Since the introduction of the round of 16 in 1986, Mexico have been eliminated at this stage of the World Cup seven times – more than twice as many as any other nation. This was also Mexico's fourth defeat on the hand of Brazil, and moreover, Mexico had never scored a single goal against Brazil in the FIFA World Cup.

Brazil vs Belgium

The teams had met in four previous matches. Their most recent meeting came in a World Cup knockout stage match in 2002, Brazil winning 2–0 to advance to the quarter-finals. That match was also the only time the two sides had previously met in a World Cup.

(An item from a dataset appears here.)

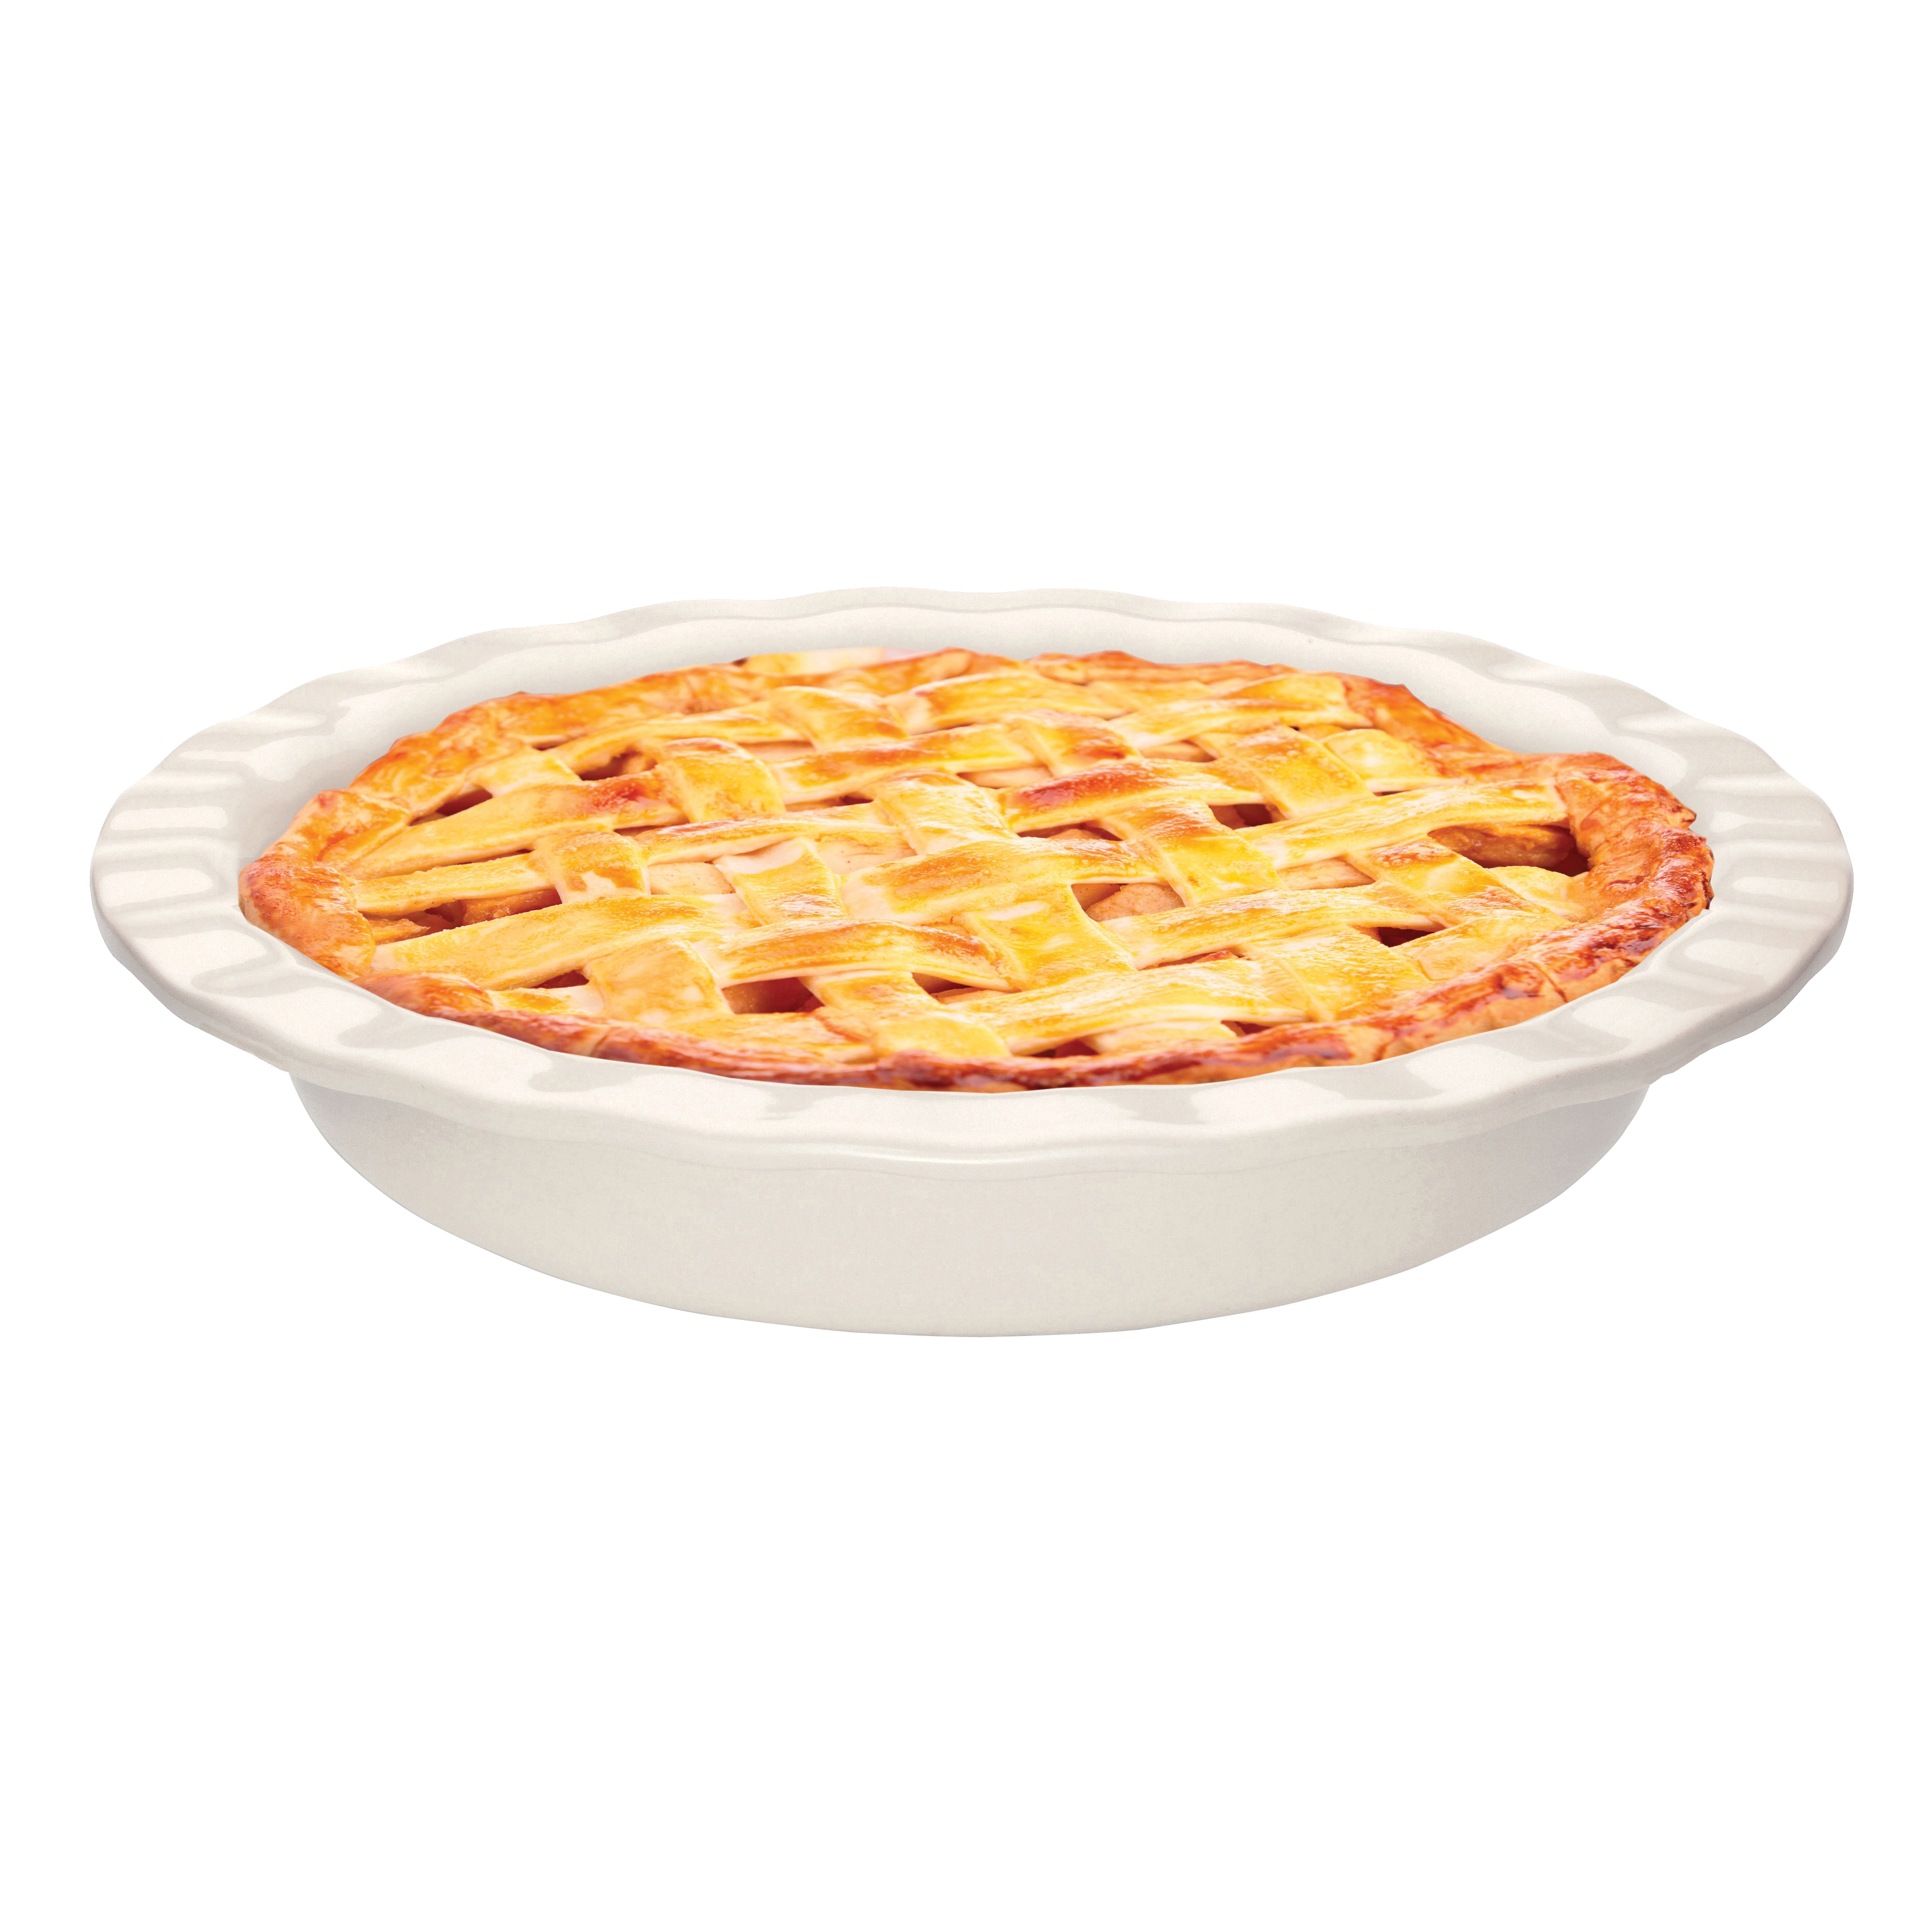 Mrs Anderson's Baking 98063 Pie Plate, 9.5 qt Capacity, 9-1/2 in Dia, Ceramic, White, Dishwasher Safe: Yes - 3

Belgium scored from their first corner of the game in the 13th minute, Vincent Kompany flicked on Eden Hazard's left-wing delivery but the decisive touch came from Fernandinho, who turned the ball past Alisson via his arm. Belgium doubled their lead by breaking from a Brazil corner in the 31st minute, Kevin De Bruyne arrowed a right foot drive across Alisson and into the left corner of the net from the edge of the penalty area after Romelu Lukaku collected the ball, turned and embarked on a 40-yard run with a pass at the end to free De Bruyne. Brazil's third change yielded a goal three minutes and 14 seconds after his introduction, Renato Augusto gliding between two Belgium defenders to nod a flicked header past Thibaut Courtois from a Philippe Coutinho cross. Coutinho's first-time shot flew wide and yet another Neymar penalty appeal was rejected, before he drew a fingertip save from Courtois in the 94th minute.

De Bruyne became the 100th player to score at Russia 2018 (excluding own goals). Belgium have reached the World Cup semi-finals for only the second time, losing out to eventual winners Argentina in 1986. Belgium's victory was only their second ever against Brazil, and first since a 1963 friendly match in Brussels. This was the first time in 30 matches in all competitions that Brazil had conceded more than once in a game, since a 2–2 draw with Paraguay in March 2016.